Advisers say they are dealing with only a small number of inquiries about coronavirus-related market disruption – but that may be because of the work already put in on educating clients.

Thursday, March 19th 2020, 6:10AM 1 Comment

Jordi Garcia, of New Zealand Financial Planning, said he had received “less than a handful” of inquires from clients who were worried about what was happening.

“But I have been out there contacting them, bringing them back to what it is they are trying to achieve.”

He said he was able to keep anxiety at bay, but a large number of his clients were retired and were reliant on their investment portfolios to deliver their standard of living. “To date it’s not a big issue, it’s happened very fast.
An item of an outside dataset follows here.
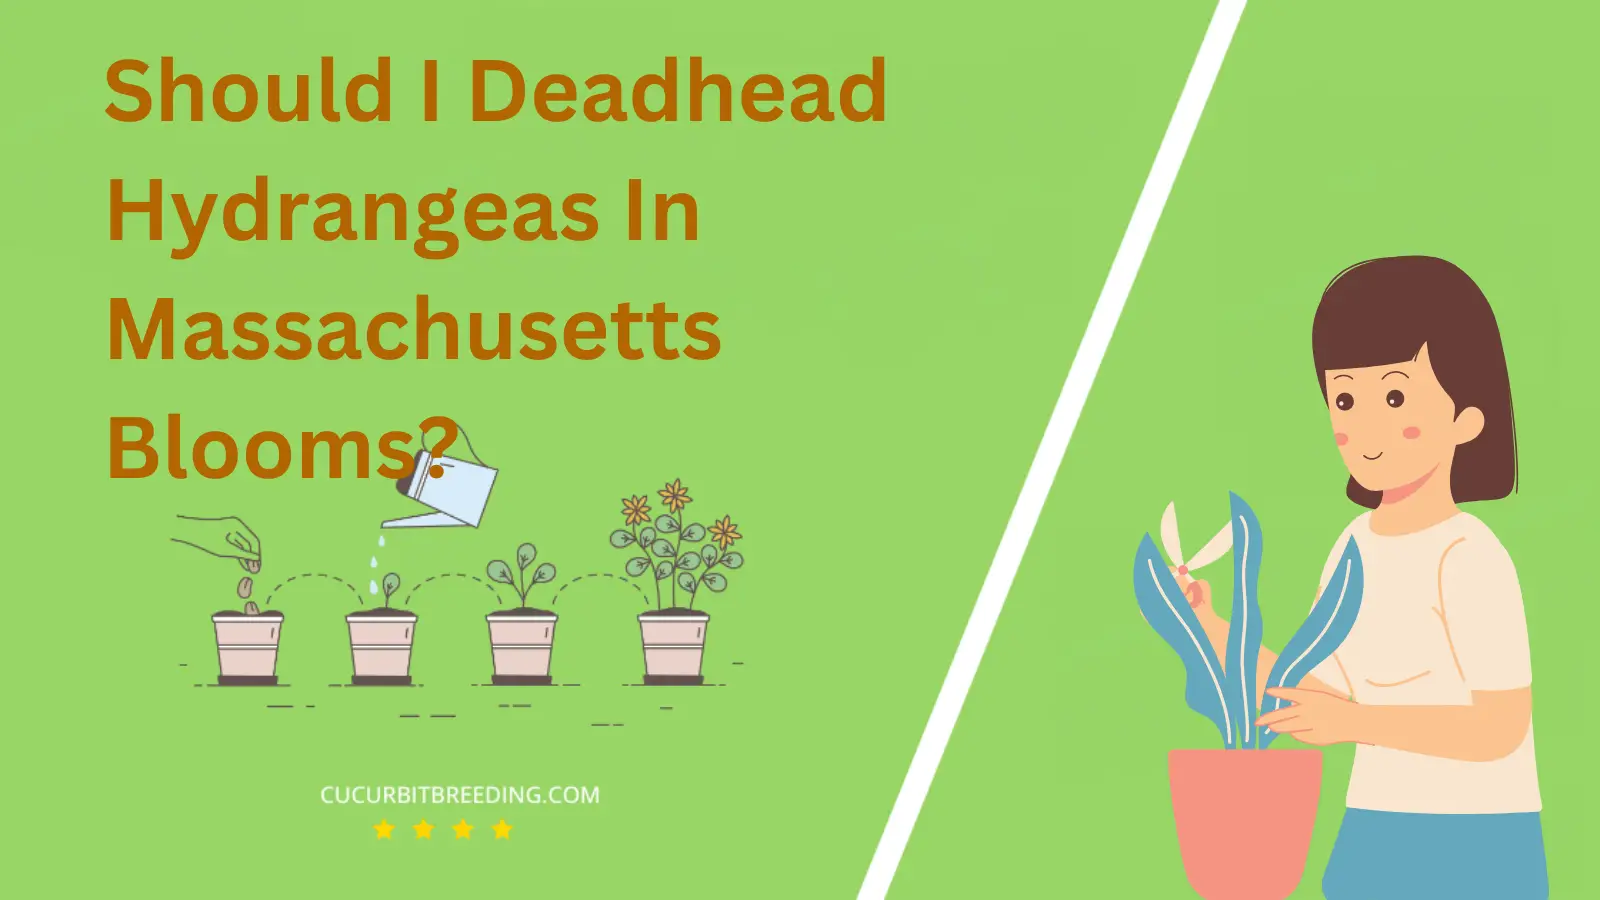 Should I Deadhead Hydrangeas In Massachusetts Blooms?

I suspect going forward things will get worse. People can take a 5, 6, 7 or even 10% drop but if it keeps going for three, four, five or six months that’s when it gets difficult and fear sets in.”

He was encouraging clients who were not retired to make the most of the buying opportunities in the market. “I’ve had three calls from clients with KiwiSaver asking if they would be better to move to a more defensive fund and I’ve said ‘if you want to shoot yourself in the foot, that’s a good way to do it’.”

Tim Fairbrother, founder of Rival Wealth, said he had had a small number of queries.

“We have tried to keep investors educated that these events are always possible and markets recover.”

Susanna Stuart, co-founder of Stuart and Carlyon, said she had not had many clients phoning worried, but her firm had sent an email to clients to inform them of what was happening.

It told them that global virus outbreaks had happened before and share markets recovered eventually.

Stuart and Carlyon was monitoring the performance of each investment fund in clients’ portfolios.

“For those adding money or in the implementation stage of a new portfolio, we’re rescheduling tranches to take advantage of the current lower prices … with every negative there is a positive.”

Tony Dench, chief executive of Share, said investment advisers could talk about what was happening in markets but insurance advisers were fielding queries about redundancy cover, too.

He said advisers he dealt with, who were independent business-people themselves, had concerns about their own operations as well as taking care of clients.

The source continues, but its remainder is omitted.